To study the function(s) of the brain/testis-specific and the embryonic transcripts we introduced a lacZ gene with a stop cassette (triple poly (A)), which was previously shown to effectively prevent transcriptional read-through [23], into exon 1 and 5, respectively. Insertion into exon 1 did not cause any obvious phenotype, indicating that the transcript (s) required for Skt/Etl4 function in the notochord was still functional, presumably due to a transcriptional start site downstream of exon 1. Likewise the lacZ insertion into exon 5 did not cause any obvious phenotype, despite lacZ expression in embryonic tissues similar to endogenous expression. It turned out that the integration of the transcriptional stop cassette did not eliminate Skt/Etl4 expression, but was removed from a read-through primary transcript by splicing around the lacZ cassette, indicating that the triple poly (A) signal was not sufficient to terminate transcription in this context.
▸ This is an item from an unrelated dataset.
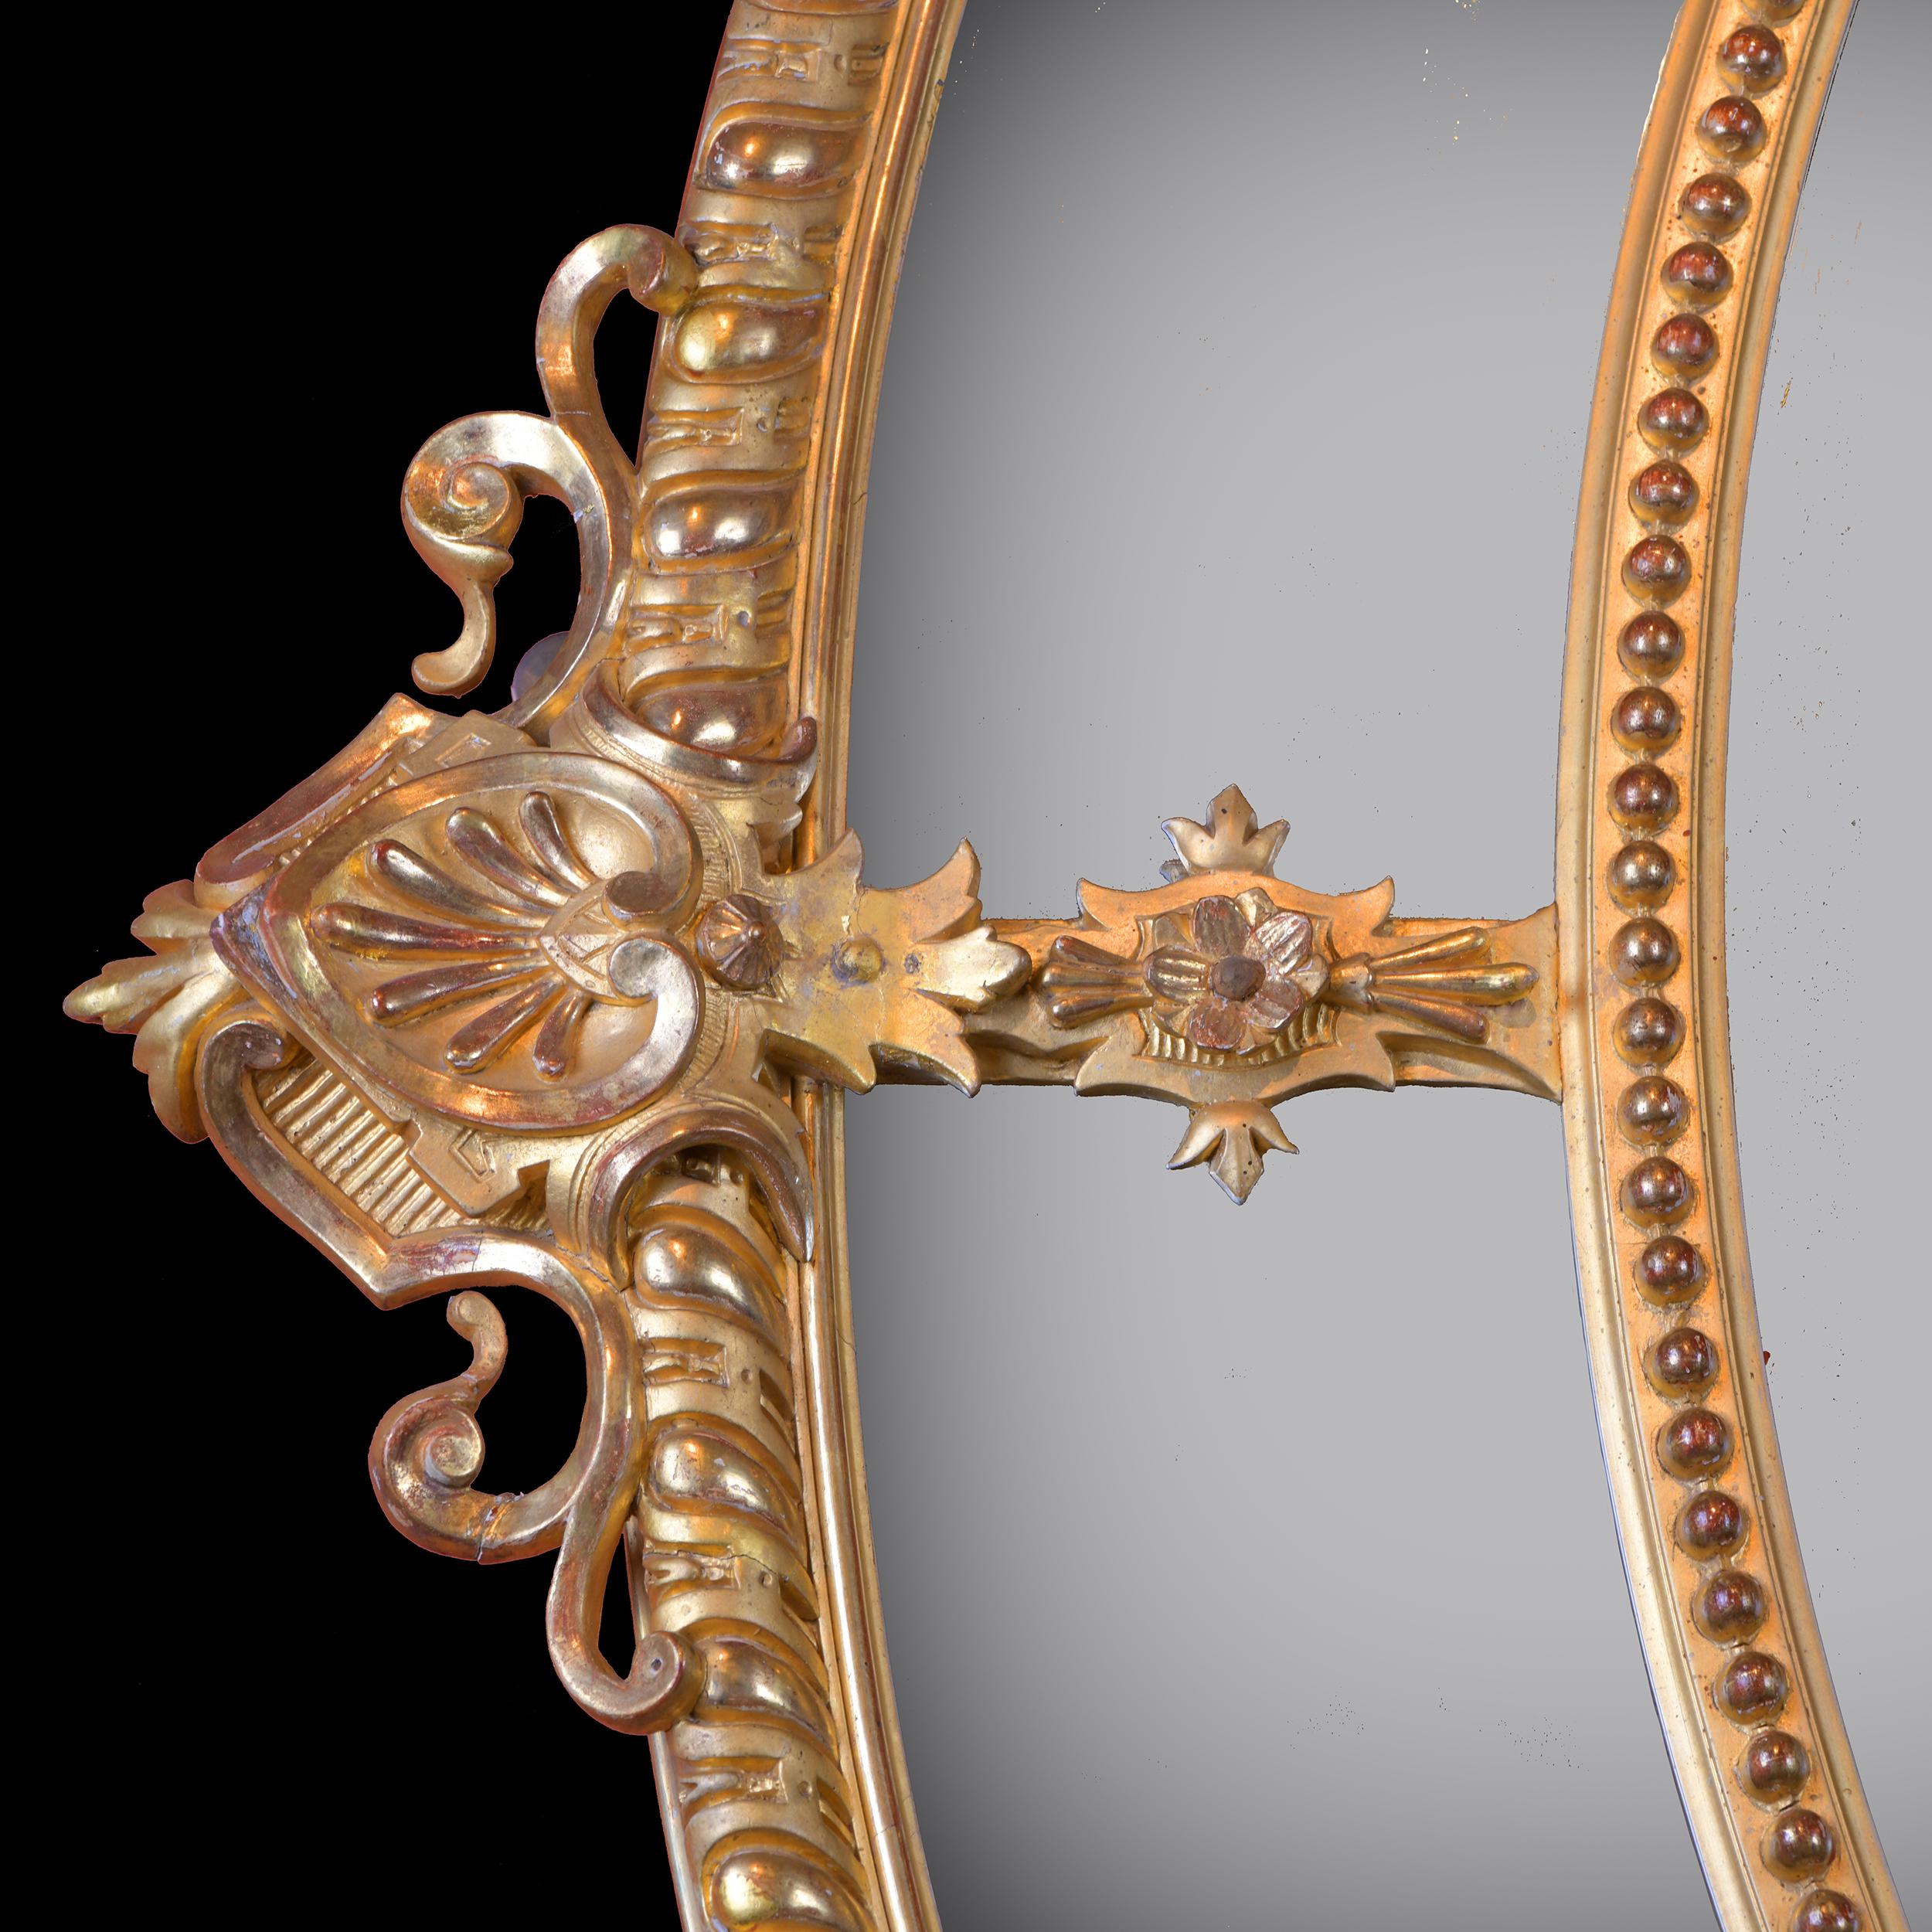 Hand-Carved 19th Century French Oval Shaped Antique Giltwood Wall Mirror

Since the lacZ insertions into exon 1 or 5 did not phenocopy the SktGt or Etl4lacZ phenotype we deleted genomic DNA containing exon sequences encoding nearly 90 % of the protein deduced from the longest known open reading frame. To achieve this we deleted by site-specific inter- and intra-chromosomal recombination events using the Cre/loxP recombinase system [2628] a total of around 870 kb of genomic DNA. The efficiency for creating genomic deletions in vivo with the TAMERE strategy decreases with size. It was successful in males for trans-located loxP sites separated by 150 kb [21, 29], but failed for loxP sites with a trans distance of 3,9 Mb [30]. We obtained a genomic deletion of 595 kb with TAMERE using females that express Cre recombinase in oocytes [ZP3::Cre 32] in one offspring within the first two litters. However, due to the small numbers we can not draw firm conclusions concerning the trans-chromosomal recombination efficiency in female mice. Excision of the residual 273 kb genomic DNA between two cis-located loxP sites that occurred in all analysed offspring (n = 26) demonstrating that an intrachromosomal deletion of this size can efficiently be obtained in the female germ line.
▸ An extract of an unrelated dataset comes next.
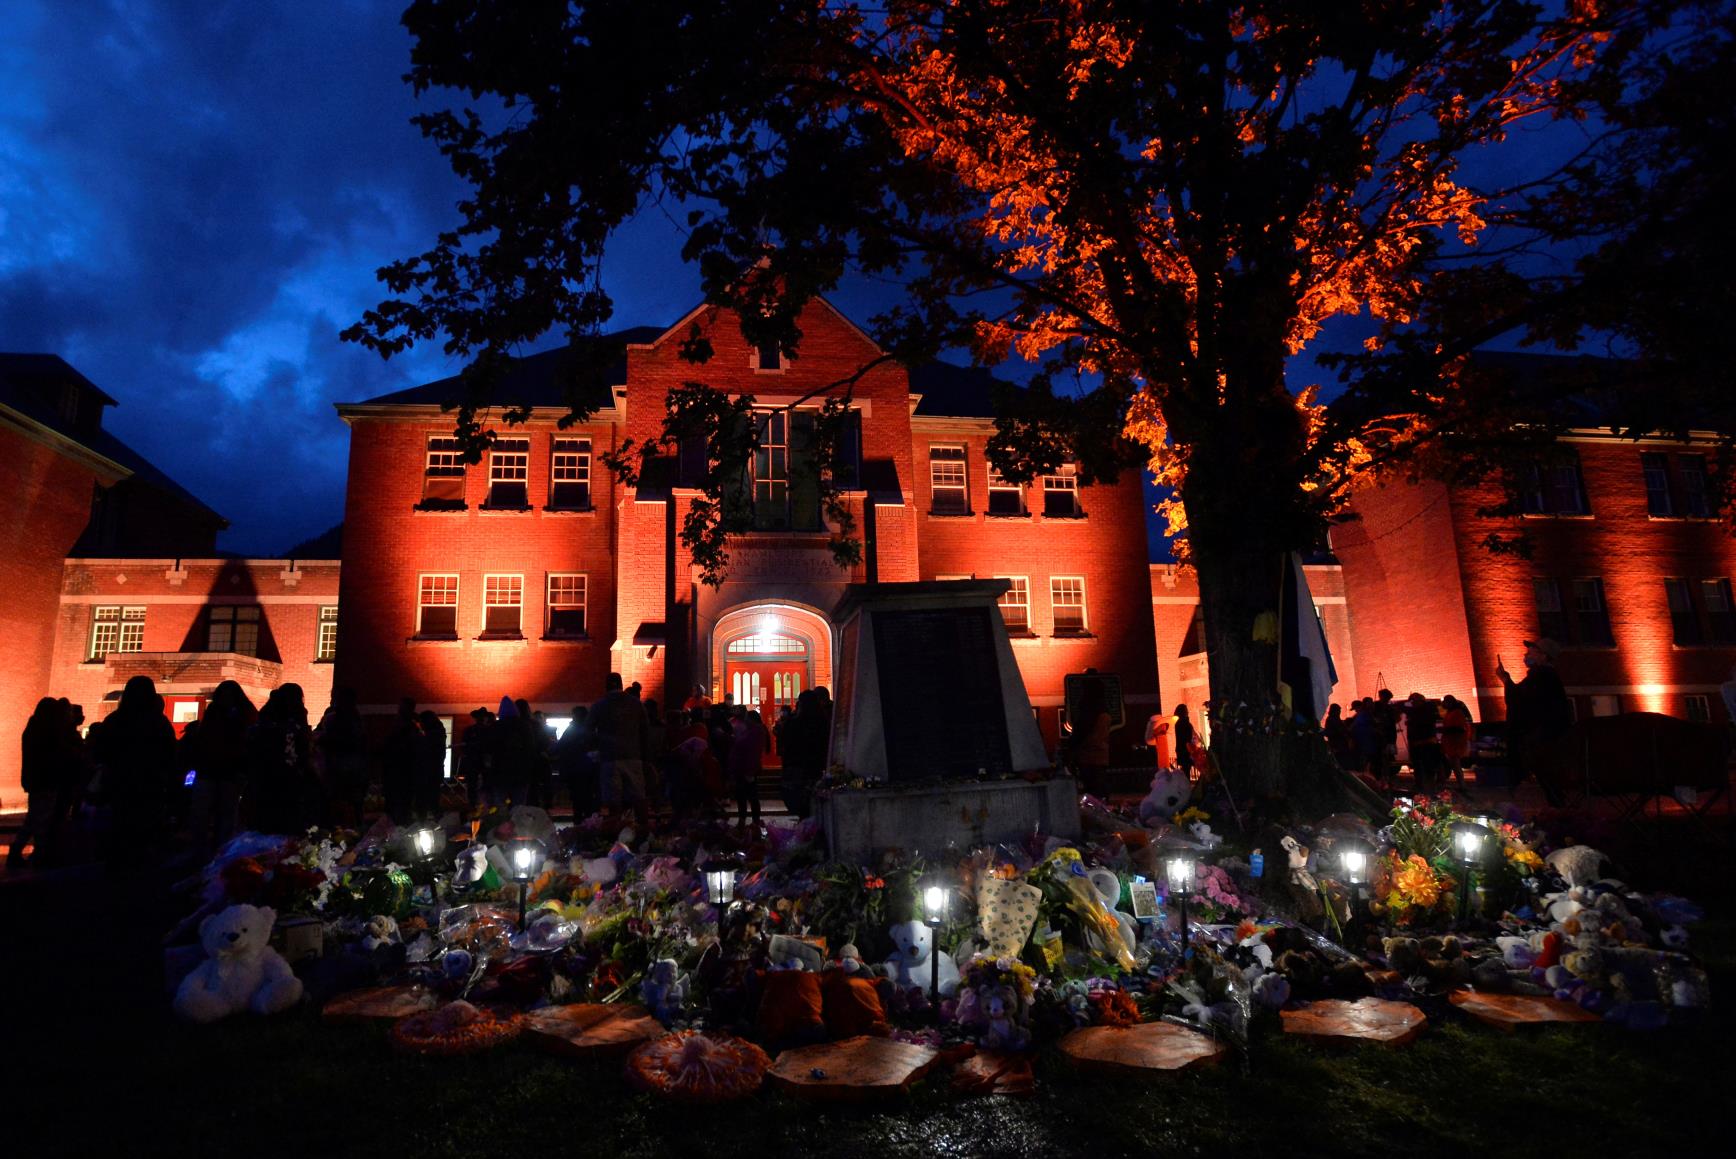 A makeshift memorial grows on the grounds of the former Kamloops Indian Residential School after the remains of 215 children, some as young as three years old, were found at the site in Kamloops, British Columbia, Canada June 5, 2021.  REUTERS/Jennifer Gauthier

Our Skt/Etl4 deletion represents a bona fide null allele whose phenotype is undistinguishable from Etl4lacZ and SktGt mice. All our mice that were homozygous for the deletion and were histologically analysed (n = 9) showed defects in the caudal vertebral column. In contrast, in Etl4lacZ and SktGt mutants only one third or half of the mutants had obvious defects [19, 20]. Since these mice were analysed on a C57BL/6 background, whereas our mice are on a mixed CD1/129Sv background, genetic background differences might contribute to the different penetrance of the phenotype. Thus, we cannot distinguish at present whether the complete penetrance of the phenotype in our deletion mutant reflects that Etl4lacZ and SktGt represent hypomorphic alleles or is due to genetic background differences.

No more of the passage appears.